Mojada y sudada, exhausta. Con la camisa abierta, el sujetador abrochado y sin bragas, dilatándose bajo los dedos de Ron, comiéndole la boca. Inflamada.
Rutina
La cocina huele a carne y patatas asadas, pan caliente con mantequilla y algo doméstico y fácil, como un pijama usado. La tetera pita en el fuego, hay zumo de calabaza en la mesa y es agradable estar así, los tres juntos, disfrutando con comodidad del almuerzo como si estuvieran en el Gran Comedor.
Harry mastica con cuidado antes de hablarles de la última lechuza de la Orden. Hermione intenta prestar atención. Es importante. Un ataque frustrado cerca de Edimburgo, tres detenciones en Dover. Cuando Ron empieza a hablar con la boca llena no puede evitar mirarlo. Huele a ducha, lleva un jersey de rayas, siempre será un maleducado y está guapo. Total, irremediable, insoportablemente guapo.
- ¿Me pasas el pan, Hermione?
Su nombre parece estremecerse en esa voz, derretirse en las oclusivas y morir en un pozo sin fondo. Se rozan los dedos por encima de la fuente de verduras y nota el rubor de las mejillas mientras piensa en sus manos y en lo que hay bajo el jersey.
En el frío que hace fuera y el calor que nota dentro.
Sweet silver bells
Navidad son tres días en La Madriguera, un bullicio familiar y el abrazo de Molly haciéndoles sentir que todavía son unos niños -¡delgadísimos!, exclama, ¡en los huesos!, les riñe-, Ron protesta mientras los gemelos se ríen y casi parece que acaban de bajarse en King's Cross.
Hay Weasleys por todas partes pero sólo uno que le roza deliberadamente la espalda cuando tropiezan en las escaleras.
- Aquí no- masculla, y su voz suena severa.
Es raro volver a estar apretujado en la mesa y oír cinco conversaciones distintas entre ruido de cubiertos y carcajadas espontáneas. Es raro y es bonito, y Hermione piensa que es así como debe de ser la nostalgia, un saquito de azúcar quemada que te pesa en el centro del alma.

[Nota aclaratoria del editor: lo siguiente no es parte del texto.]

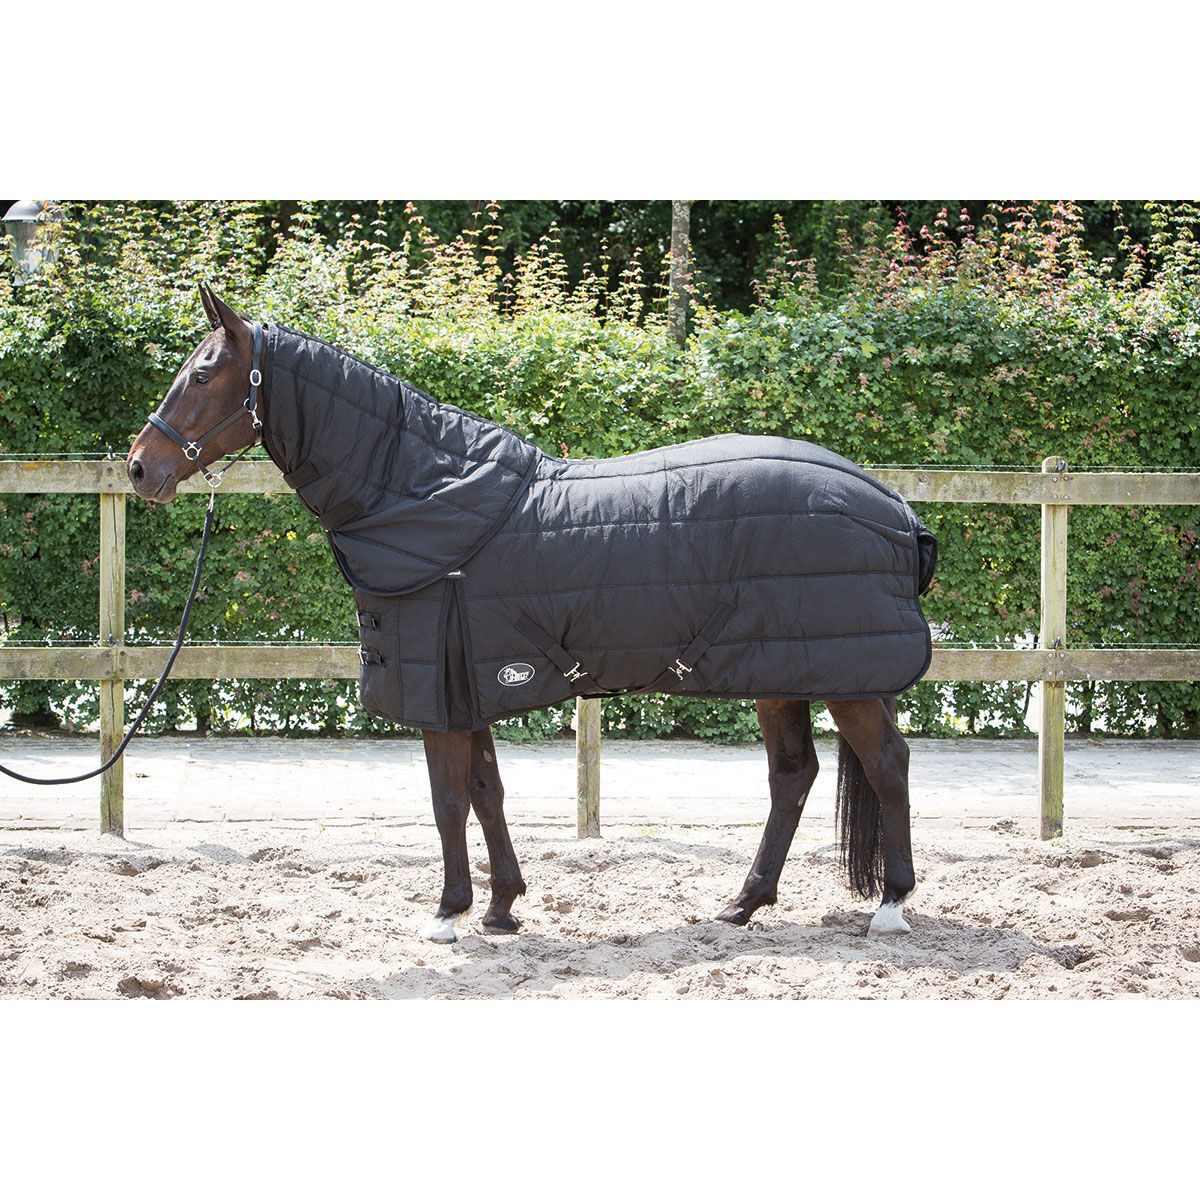 Stalldecke Highliner 300g Harrys Horse Thermodecke Winterdecke Unterziehdecke

Cuando se gira hacia Ginny para pedirle el zumo de calabaza, los ojos de la pelirroja están trabados en la otra esquina de la mesa, donde Harry no pestañea tras las gafas. Mirarlos es casi violento, como si hubiese entrado en una habitación sin llamar y los hubiera encontrado abrazados en la cama. Avergonzada, resbala los ojos sobre la mesa y sube sin pensar por un jersey que conoce de memoria. Parece contento, distraído por Charlie y su padre, relajado y un poco más mayor, o más joven, o simplemente más parecido al Ron de Hogwarts que al Ron de la guerra, menos callado y más risueño. Su voz tiene ese timbre despreocupado e inocente que ya casi había olvidado, algo rugoso que siempre hace que Hermione ponga los ojos en blanco mientras se convence a sí misma que no es gracioso en absoluto.
Es entonces cuando la mira y sus pecas se derriten en una sonrisa que dura un segundo, labios que se ladean y le funden el estómago mientras se pregunta si ellos son tan obvios como Harry y Ginny.
Y es toda una revelación.
Qué es lo que tiene que ser obvio, cómo se llama su intimidad. Qué son exactamente. Dos amigos que se esconden en el escobero y se llenan el mentón de saliva.
- Aquí no- la voz de Hermione es un susurro frustrado y abre la puerta adecentándose el pelo con los dedos.
Cuando va a acostarse, Ginny no está en la cama y se queda dormida con risas que tintinean entre suspiros sobre su cabeza, como campanillas de plata.
Brota del silencio otro silencio
A veces no dicen nada.
A veces negocian entre besos, buscándose los botones.
- Harry va a llegar.
- Sólo un poco.
Ron es un gruñido ronco y Hermione siempre suspira y piensa que tienen que hablar, sentarse y hablar, saber dónde están y opinar qué es lo que quieren, mientras el silencio se llena de cremalleras que bajan y ese ruido húmedo de labio contra labio.